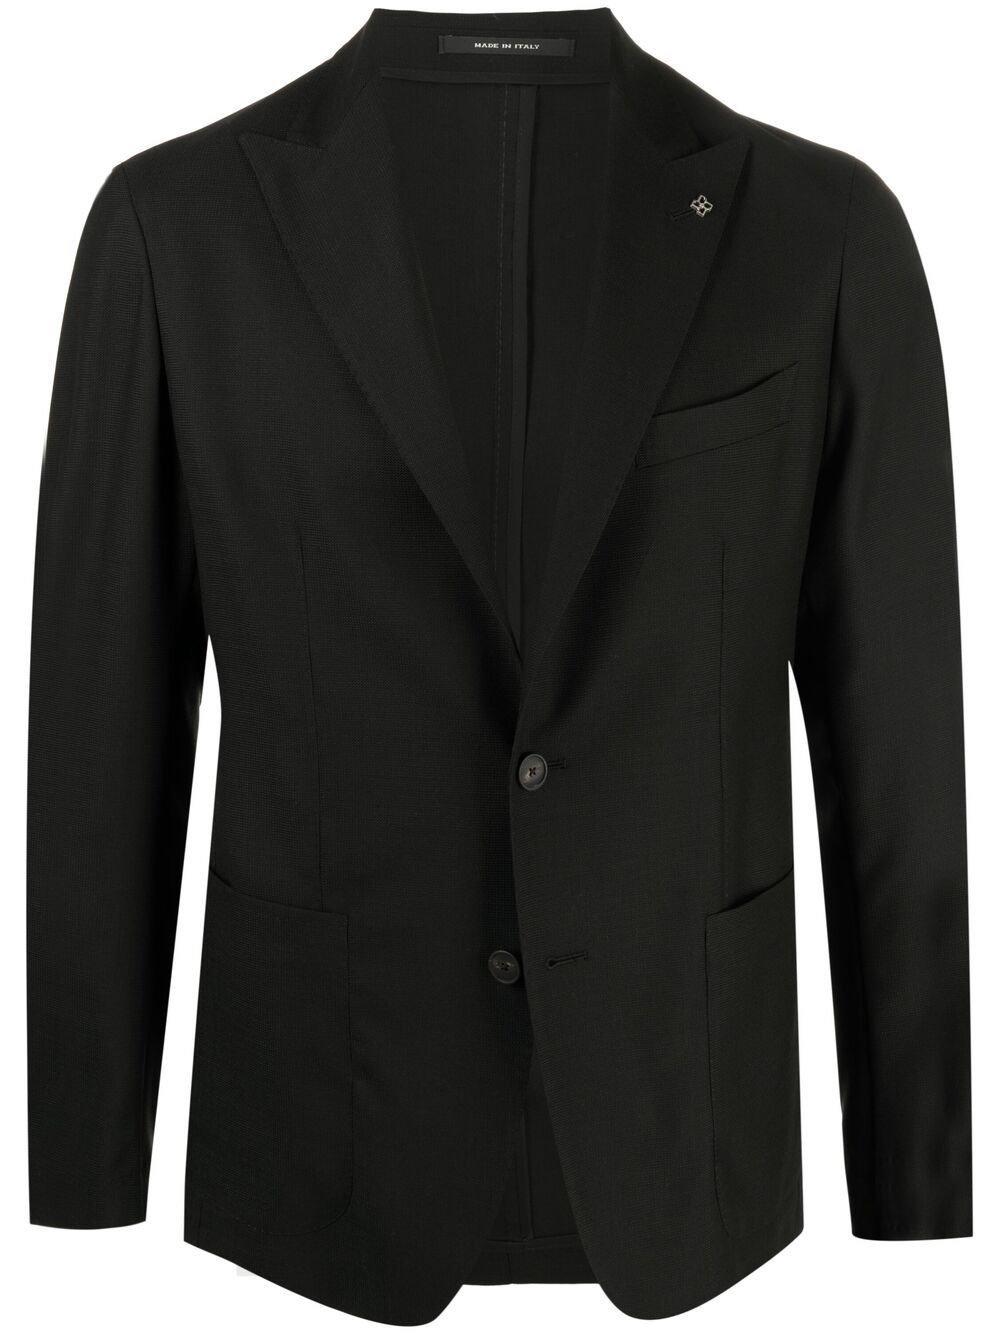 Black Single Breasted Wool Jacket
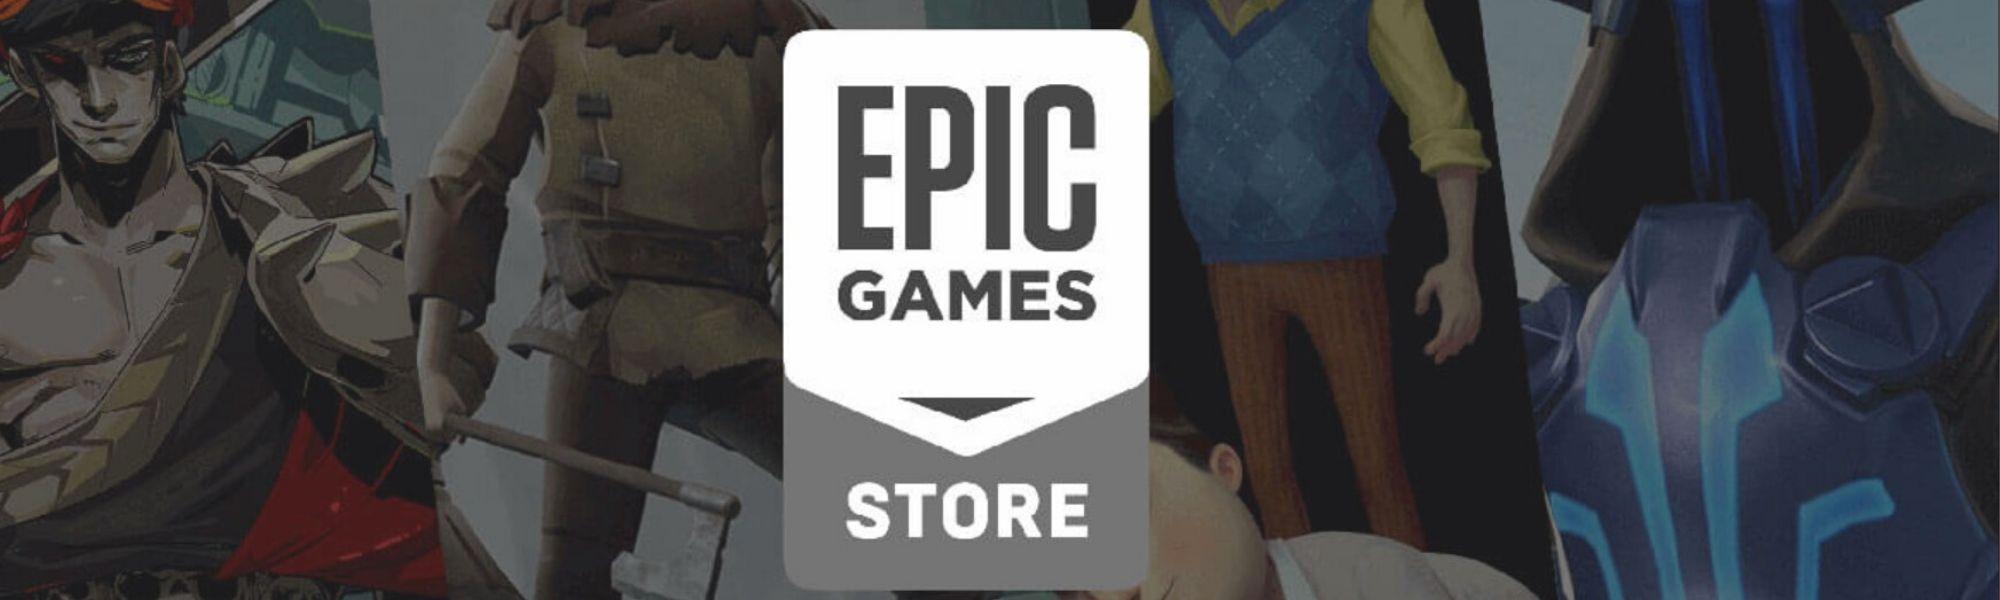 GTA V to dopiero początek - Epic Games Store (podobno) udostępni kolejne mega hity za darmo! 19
* * *
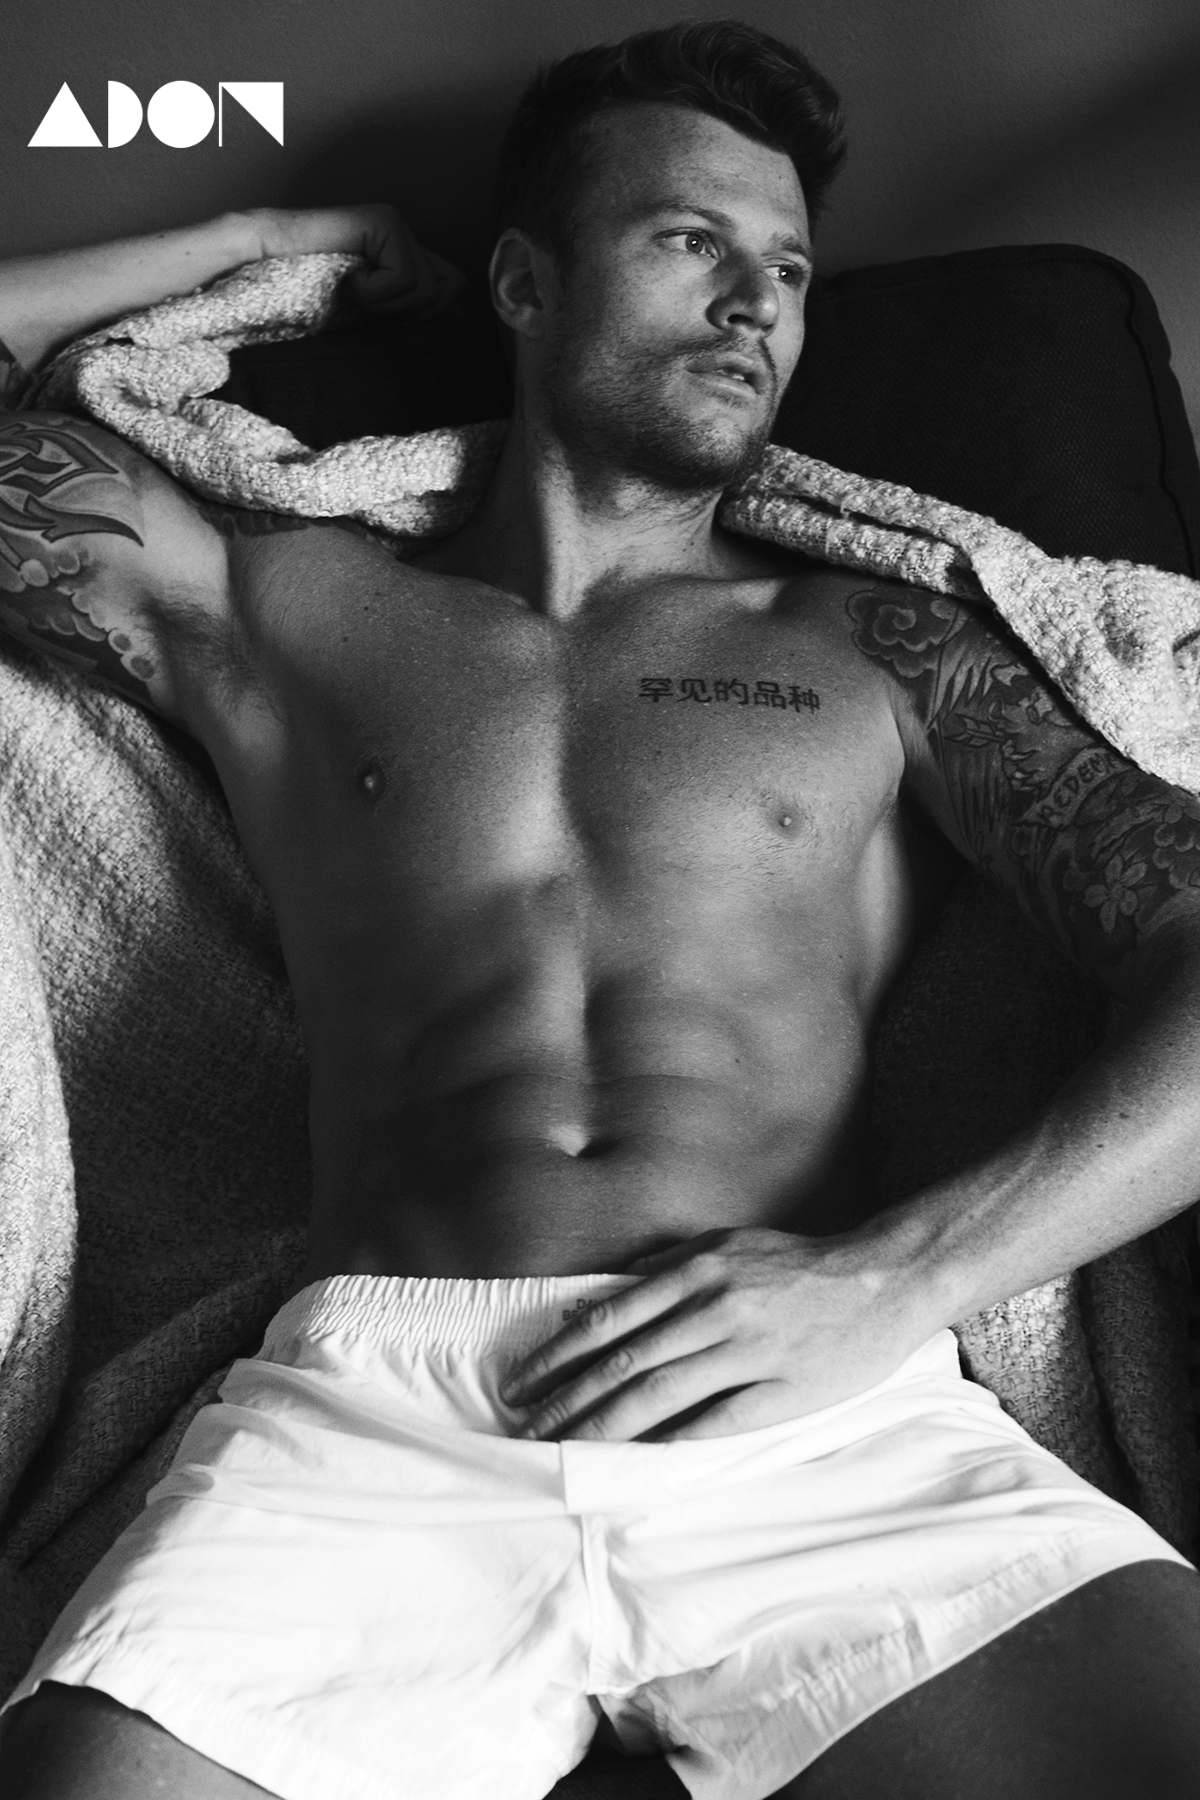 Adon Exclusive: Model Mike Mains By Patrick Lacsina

What is required
Write out the lines above from the one with "Black Single Breasted Wool Jacket" through the one with "GTA V to dopiero", ends included, exactly; no picture goes in.

Finished task
 Black Single Breasted Wool Jacket
 GTA V to dopiero początek - Epic Games Store (podobno) udostępni kolejne mega hity za darmo! 19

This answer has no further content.